Ainsi, l'industrie, secteur où les gains de productivité sont les plus élevés, continuerait à perdre des effectifs pour restaurer ses marges. La situation serait meilleure dans la construction, portée par la reprise de l'activité et les effets du plan de relance , sans toutefois retrouver son niveau d'avant-crise. Dans les services marchands, l'emploi s'améliorerait légèrement, tiré par une levée des restrictions sanitaires et une reprise dans l'hébergement-restauration et les services aux ménages.

Dans son scénario central présenté lundi, la Banque de France a mis en avant des chiffres un peu moins dégradés, mais somme toute assez proches de ceux de l'OFCE : -730.000 emplois salariés en 2020, et +45.000 en 2021, en se basant sur des hypothèses d'évolution du PIB de -9 % et +5 % respectivement. Du côté de Rexecode aussi, on s'attend à un millésime 2021 du marché du travail dégradé. Ce sera d'ailleurs une des difficultés sur le plan politique. Les chiffres de croissance seront meilleurs en 2021, rebond oblige, mais l'économie détruira des emplois.

Effet des faillites

Tout cela contrastes très fortement avec les hypothèses du gouvernement telles qu'elles figurent dans son projet de loi de Finances pour 2021 . Après la perte de 800.000 postes cette année, l'emploi salarié est attendu en hausse de 400.000 l'année prochaine, porté par le rebond de l'activité, le plan de relance et les incitations à l'embauche. Dans ses dernières prévisions financières, l'Unédic était sur la même ligne.
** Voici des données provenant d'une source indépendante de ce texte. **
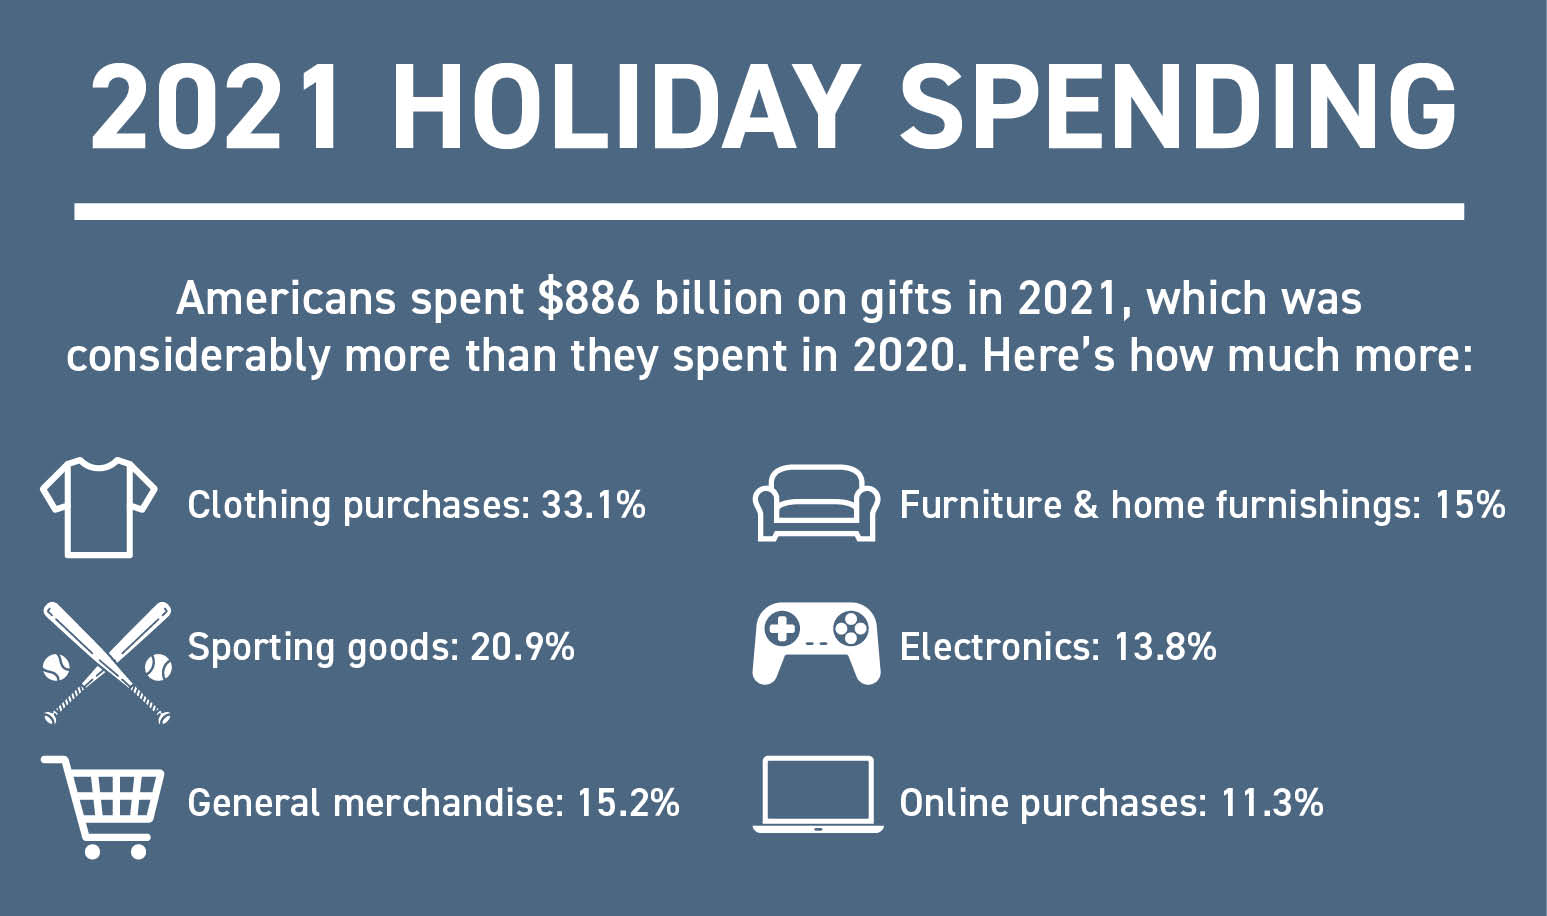 2021 Holiday Spending
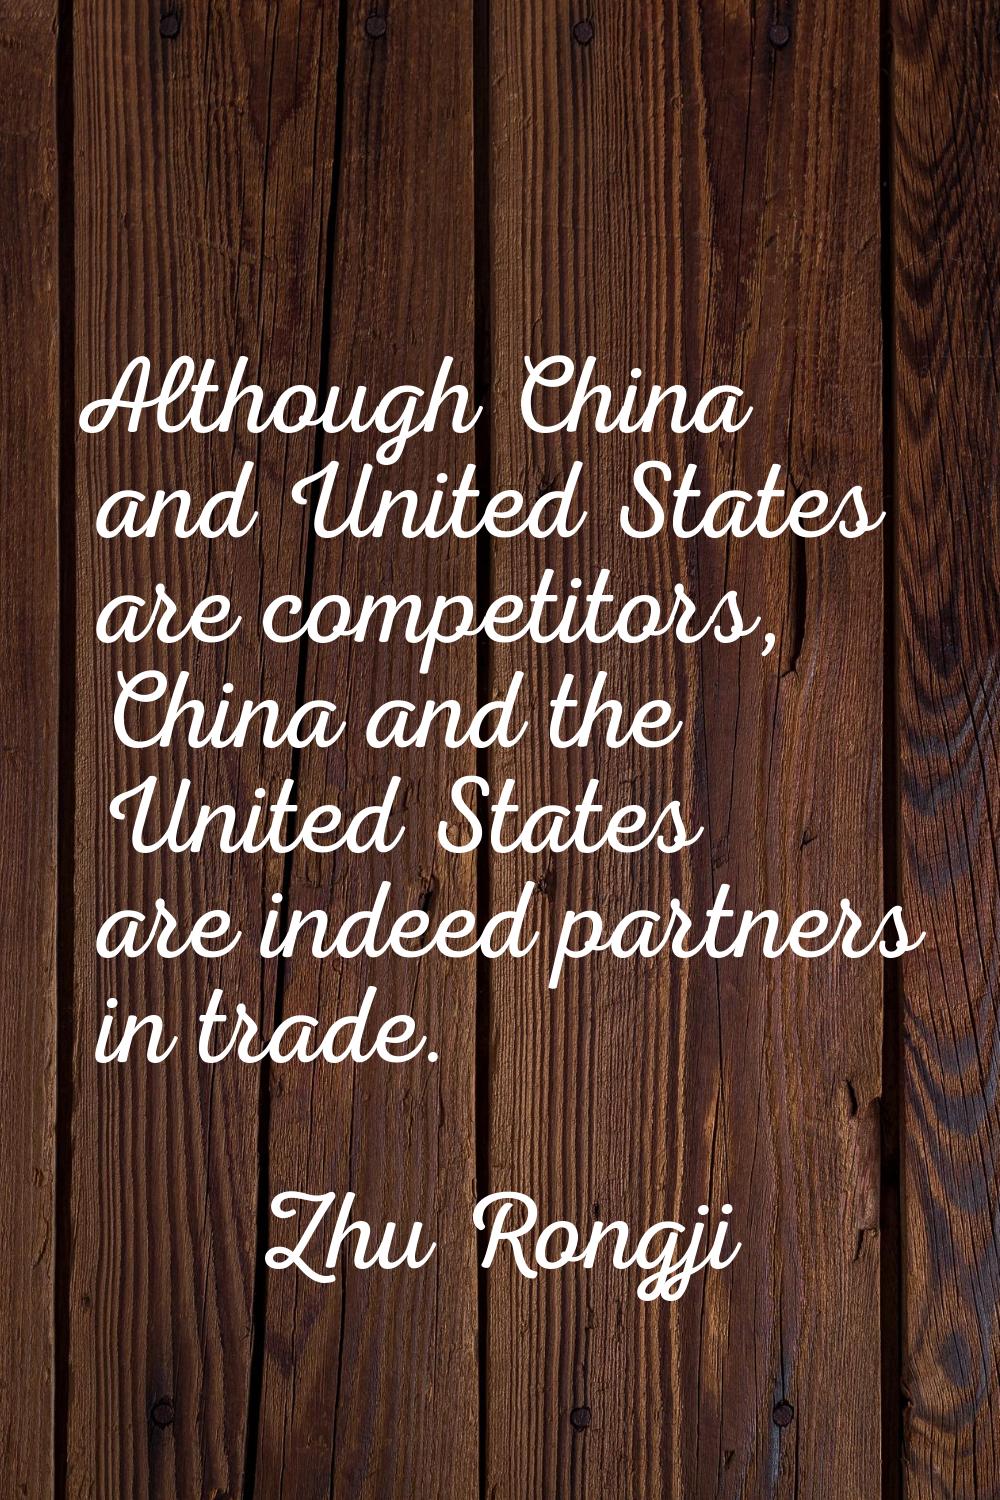 Although China and United States are competitors, China and the United States are indeed partners i

Pourquoi un tel grand écart ? Economiste à l'OFCE, Eric Heyer s'en est expliqué avec le cabinet d'Elisabeth Borne. A ses yeux, la principale raison du désaccord tient aux taux de recours des entreprises à l'activité partielle, le gouvernement prévoyant un nombre beaucoup plus important de salariés protégés par ce dispositif, malgré une baisse attendue (a priori) des taux de prises en charge.

Par ailleurs, le relâchement graduel des mesures sanitaires coûterait 150.000 emplois, les entreprises cherchant à rétablir leurs marges. A cela s'ajouterait l'effet des faillites - 180.000 postes - non pris en compte par l'exécutif, selon Eric Heyer. « Une baisse d'activité marquée par un grand nombre de faillites a beaucoup plus d'impact sur l'emploi », prévient-il.